Hwang In-youp (; born January 19, 1991) is a South Korean actor, model, and singer. He began his career in modeling industry before making his screen debut with a main role in the web series Why  (2018). He rose to international prominence through his breakthrough role in hit drama True Beauty (2020–21). He is also known for his role in the Netflix original series The Sound of Magic (2022) and his leading role in the television drama Why Her (2022).

Early life and education
Hwang In-youp was born in Uijeongbu, Gyeonggi-do in South Korea on January 19, 1991. He is the oldest son; his brother, who is three years younger, is a producer and singer-songwriter who goes by the name Inof.
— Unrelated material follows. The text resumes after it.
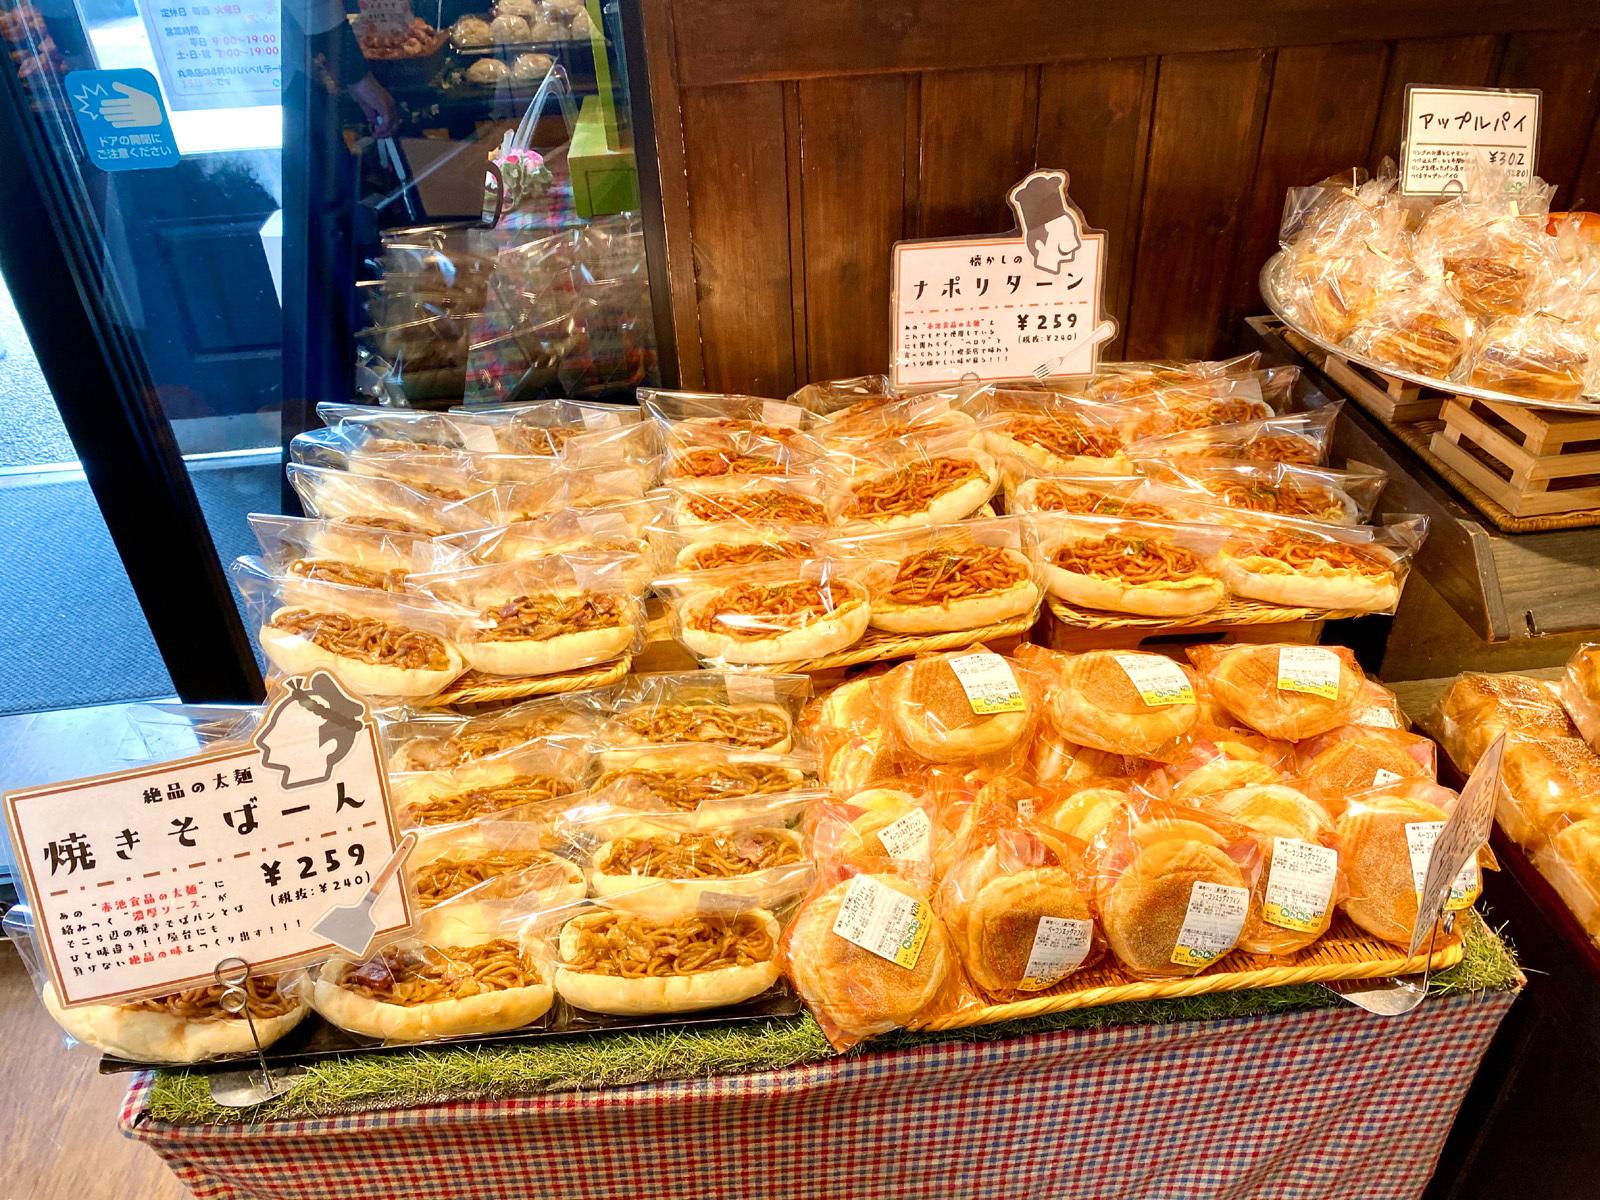 石窯パン工房PaPaBeRu 丸亀店 04 店内のパン2

Hwang lived in Davao City, Philippines during his high school and college years, going by the English name Ryan Leon. He graduated from high school at the Philippine Nikkei Jin Kai International School, and later graduated with a Bachelor of Fine Arts degree in fashion design at the Philippine Women's College of Davao.

Career

2017–2019: Modelling and acting debut
Hwang entered the entertainment industry in 2017 as a runway model. Reports state that he was once under YG KPlus, a model management company owned by YG Entertainment.

In 2018, he made his acting debut in the Naver TV web series Why. He later signed a contract with the South Korean agency KeyEast, a subsidiary of SM Entertainment.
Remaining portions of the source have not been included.